## Joining DataFrames in Pandas

Joining and merging DataFrames is the core process to start with data analysis and machine learning tasks.

- While building a model if the data is available from different sources then we may need to merge multiple csv files together in a single DataFrame.

- To join these DataFrames, pandas provides multiple functions like

    - concat()
    - merge()
    - join()
    
- For a horizontal combination we have merge() and join(), whereas for vertical combination we can use concat() and append().

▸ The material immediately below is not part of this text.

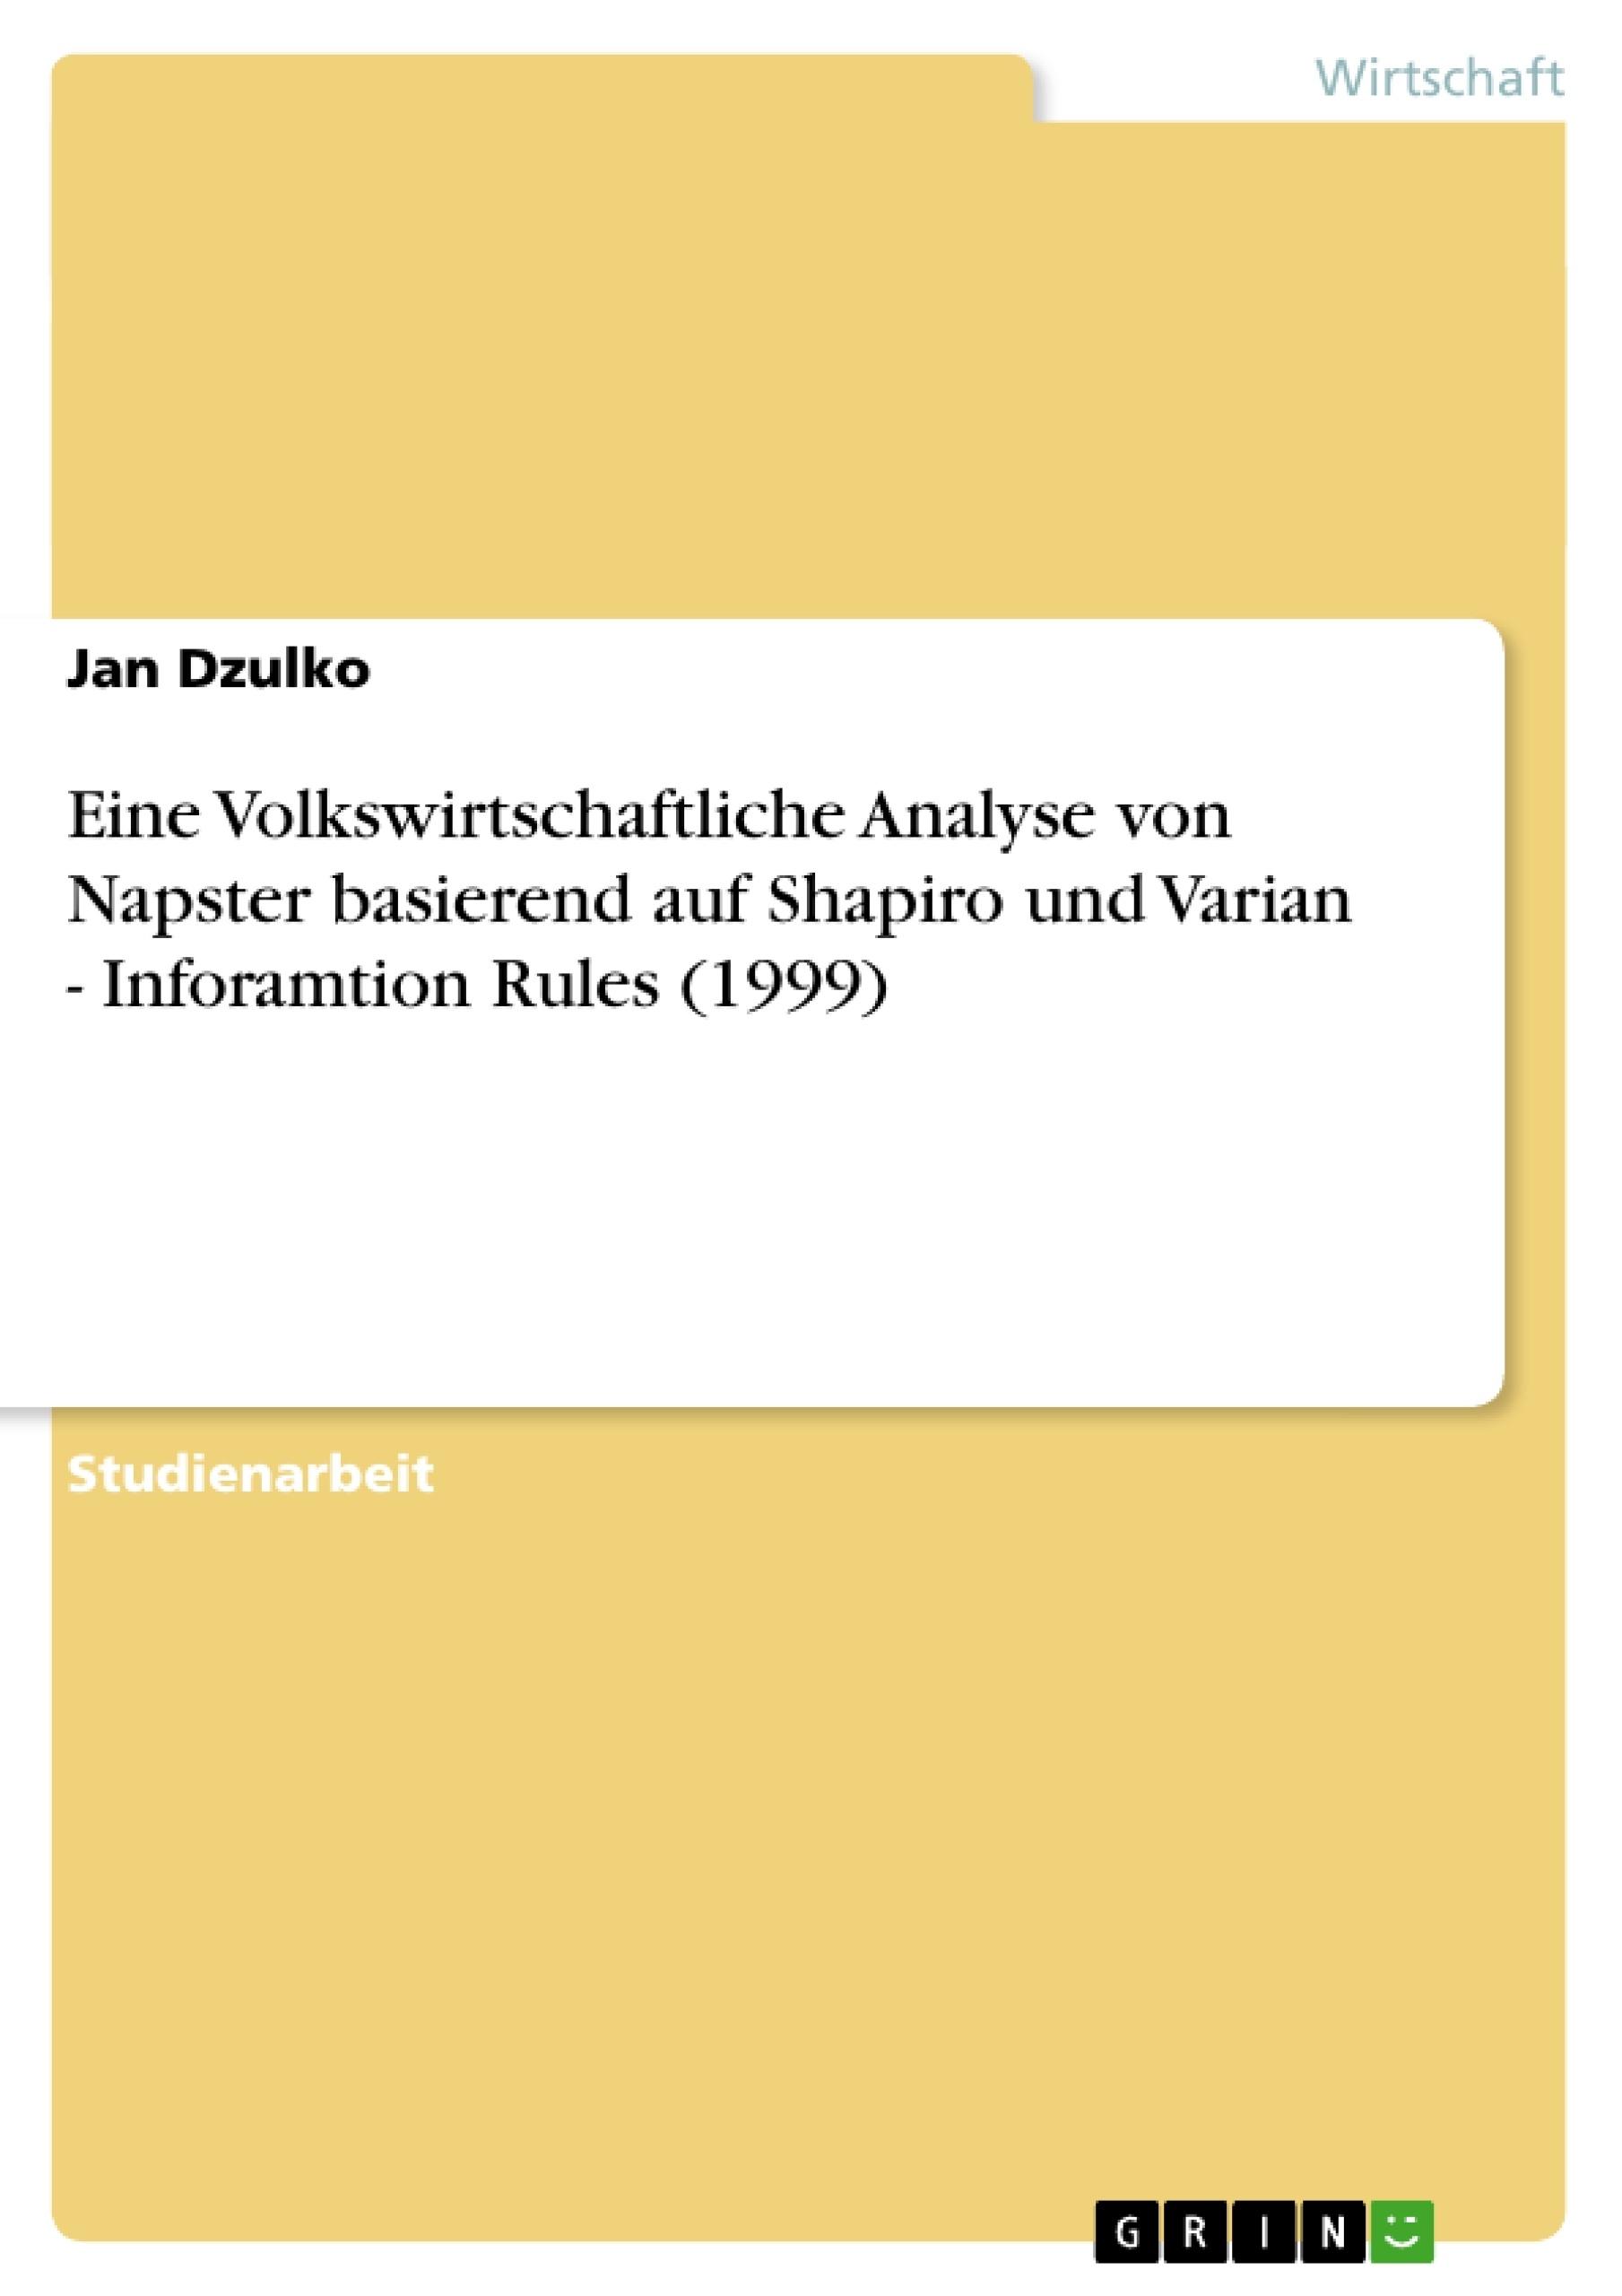 Titel: Eine Volkswirtschaftliche Analyse von Napster basierend auf Shapiro und Varian - Inforamtion Rules (1999)

- Merge and join perform similar tasks but internally they have some differences, similar to concat and append.

In [58]:
import pandas as pd
import numpy as np

In [60]:
#creating two data frames
dummy_data1 = {
        'id': ['1', '2', '3', '4', '5', '20'],
        'Feature1': ['A', 'C', 'E', 'G', 'I', 'X'],
        'Feature2': ['B', 'D', 'F', 'H', 'J', 'Z'],
        'Feature4': ['R', 'S', 't', 'u', 'v', 'w'],}

dummy_data2 = {
        'id': ['1', '2', '6', '7', '8'],
        'Feature1': ['K', 'M', 'O', 'Q', 'S'],
        'Feature2': ['L', 'N', 'P', 'R', 'T']}
dummy_data3 = {
        'id': ['1', '2', '3', '4', '5', '7', '8', '9', '10', '11'],
        'Feature3': [12, 13, 14, 15, 16, 17, 15, 12, 13, 23]}

df1 = pd.DataFrame(dummy_data1, columns = ['id', 'Feature1', 'Feature2', 'Feature4'])
df2 = pd.DataFrame(dummy_data2, columns = ['id', 'Feature1', 'Feature2'])
df3 = pd.DataFrame(dummy_data3, columns = ['id', 'Feature3'])

In [61]:
df1

Unnamed: 0,id,Feature1,Feature2,Feature4
0,1,A,B,R
1,2,C,D,S
2,3,E,F,t
3,4,G,H,u
4,5,I,J,v
5,20,X,Z,w


In [62]:
df2

Unnamed: 0,id,Feature1,Feature2
0,1,K,L
1,2,M,N
2,6,O,P
3,7,Q,R
4,8,S,T


In [63]:
df3

Unnamed: 0,id,Feature3
0,1,12
1,2,13
2,3,14
3,4,15
4,5,16
5,7,17
6,8,15
7,9,12
8,10,13
9,11,23


### 1. Concatenate DataFrames using concat()

In [66]:
df_row = pd.concat([df1, df2], axis=1, ignore_index=True)

In [67]:
df_row

Unnamed: 0,0,1,2,3,4,5,6
0,1,A,B,R,1.0,K,L
1,2,C,D,S,2.0,M,N
2,3,E,F,t,6.0,O,P
3,4,G,H,u,7.0,Q,R
4,5,I,J,v,8.0,S,T
5,20,X,Z,w,,,


### merge()

merge() is used for combining data on common columns or indices.

join vs merge?

In [37]:
#by default inner join (doesn't include rows with NaN val)
df_merge_col=pd.merge(df_row,df3)

In [38]:
df_merge_col

Unnamed: 0,id,Feature1,Feature2,Feature3
0,1,A,B,12
1,1,K,L,12
2,2,C,D,13
3,2,M,N,13
4,3,E,F,14
5,4,G,H,15
6,5,I,J,16
7,7,Q,R,17
8,8,S,T,15


In [39]:
#left merge or right merge (include NaN if available)
df_left_merge_col= pd.merge(df_row,df3, how = 'left')

In [41]:
df_left_merge_col

Unnamed: 0,id,Feature1,Feature2,Feature3
0,1,A,B,12.0
1,2,C,D,13.0
2,3,E,F,14.0
3,4,G,H,15.0
4,5,I,J,16.0
5,20,X,Z,
6,1,K,L,12.0
7,2,M,N,13.0
8,6,O,P,
9,7,Q,R,17.0


In [43]:
#merging using a particular features which is present in both the dfs
df_merge_col_on=pd.merge(df_row,df3,on='id')

In [44]:
df_merge_col_on

Unnamed: 0,id,Feature1,Feature2,Feature3
0,1,A,B,12
1,1,K,L,12
2,2,C,D,13
3,2,M,N,13
4,3,E,F,14
5,4,G,H,15
6,5,I,J,16
7,7,Q,R,17
8,8,S,T,15


## Aggregate agg in pandas
The aggregate() method allows you to apply a function or a list of function names to be executed along one of the axis of the DataFrame, default 0, which is the index (row) axis.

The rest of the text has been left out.